Current Landscape: Key Players, Collaborations, and VC Deals

The current landscape of AI-driven drug discovery can be partitioned into 4 main groups (6). To reverse the emphasis, we refer to biotech companies that utilize an AI and Machine Learning (ML)-first approach to drug discovery as TechBio®  –a term coined by ARTIS Ventures (7).

  1. BioPharma
  2. Big Tech
  3. AI Driven TechBio
  4. Service Providers

The first two groups (in blue) are established companies, whereas the remaining two groups (in red) are relatively young players that provide specific platforms, technologies, and capabilities (8).

By the end of 2022 there were already more than 270 companies in the AI-driven drug discovery business (9). In this crowded space, the early movers of the AI-driven TechBio group are leading the pack in terms of the number of drugs under development. These pioneer companies have a significant advantage over newer players in this field. As of June 2022, Recursion Pharmaceuticals, SOM Biotech, HealX, InSilico, and Aria Pharmaceuticals had 82, 33, 26, 17, and 16 drugs in their pipelines, respectively (10). Despite the head start of established players, newer companies are carving their niche in the expansive landscape of AI-driven drug discovery, and even mine genomes and metabolomes to find molecules that are outside of the chemical space of clinical-stage drugs. Celeris Therapeutics is designing novel ML-enabled proximity-inducing compounds to degrade proteins, BigHat Biosciences focuses on AI-first antibody design, Enveda Biosciences and Brightseed are creating new medicines from plants through platforms that combine AI and metabolomics, Erebagen and Hexagon Bio mine genomes to discover new medicines, Persephone Biosciences explores microbial genomes to develop microbial therapeutics, and Abalone Bio uses ML to identify antibodies to control G-protein coupled receptors.

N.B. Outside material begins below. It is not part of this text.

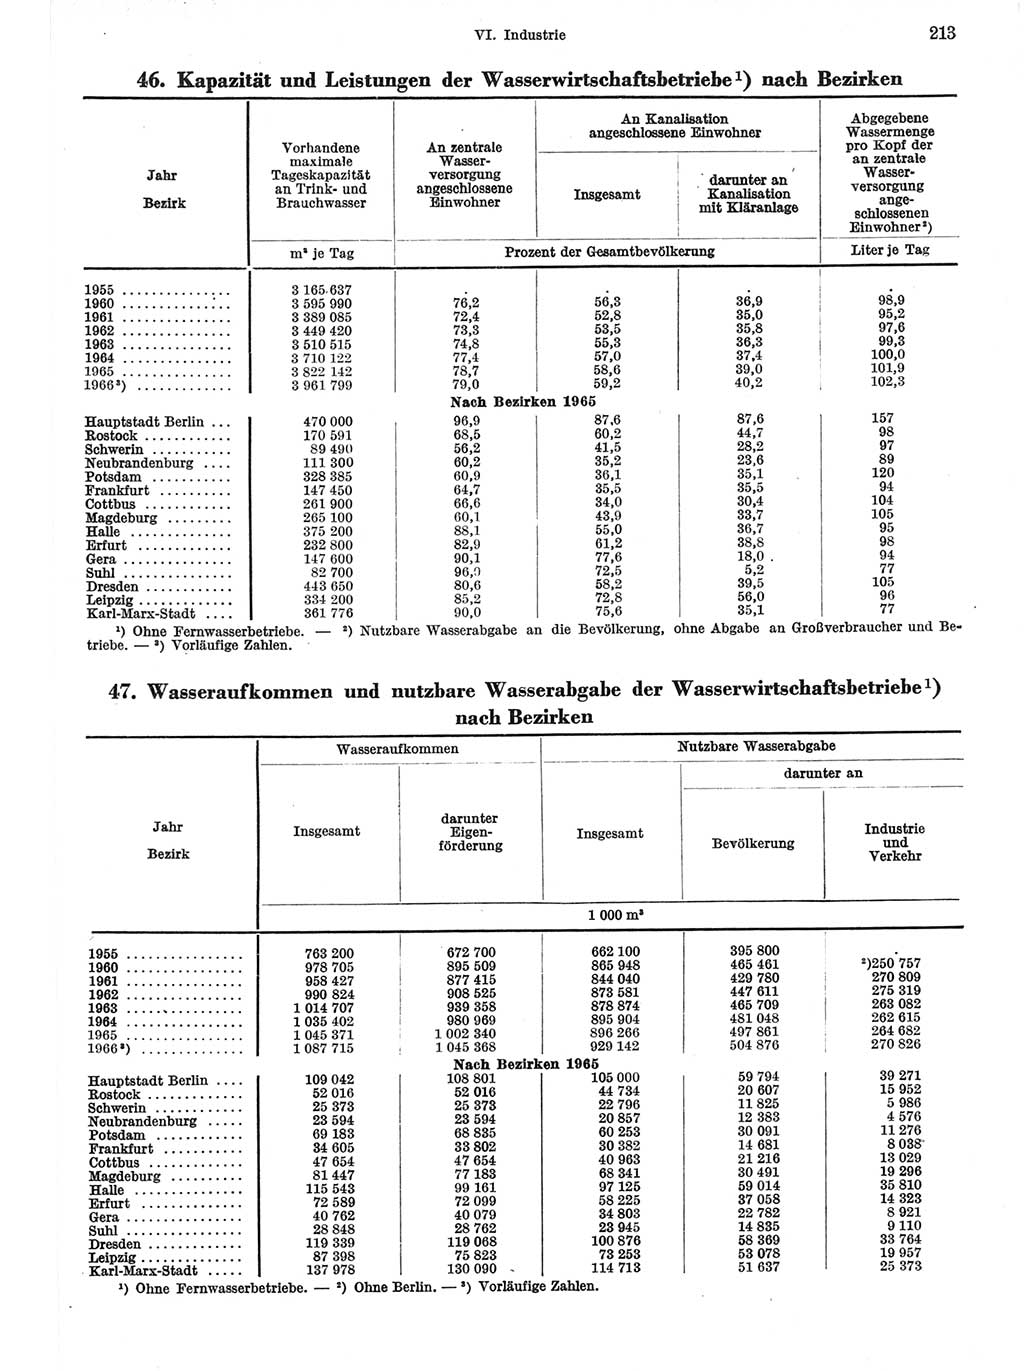 Statistisches Jahrbuch der Deutschen Demokratischen Republik (DDR) 1967, Seite 213 (Stat. Jb. DDR 1967, S. 213)

The increasing adoption of AI-based technology is reflected in the growth of the AI-first small molecule drug pipeline, which is projected to expand at an annual rate of approximately 40% (11). The proliferation of startups investing in AI's potential to improve the drug discovery process emphasizes the promises of this innovative technology in the pharmaceutical industry. In the figure below, we display a (non-exhaustive) list of key players by specific focus areas (12):

2022 Key Collaborations in AI Drug Discovery

High valuations, multiple deals, and significant capital raised have led to a number of novel partnerships (13):

Venture Capital Investments in AI Drug Discovery Startups

The COVID-19 pandemic has spurred a surge in Venture Capital (VC) investments in healthcare and biotechnologies, further solidifying its status as a highly sought-after sector for investment. AI-enabled biotechnology, in particular, continued to be attractive to investors for the first three quarters of 2022, especially in the United States. The aging population, talent shortages, and medical systems in need of modernization are expected to keep the interest of investors high for the foreseeable future (14). Supporting this prediction, venture funds raised nearly $22B to invest into healthcare companies, marking 2022 the second-largest fundraising year ever (15).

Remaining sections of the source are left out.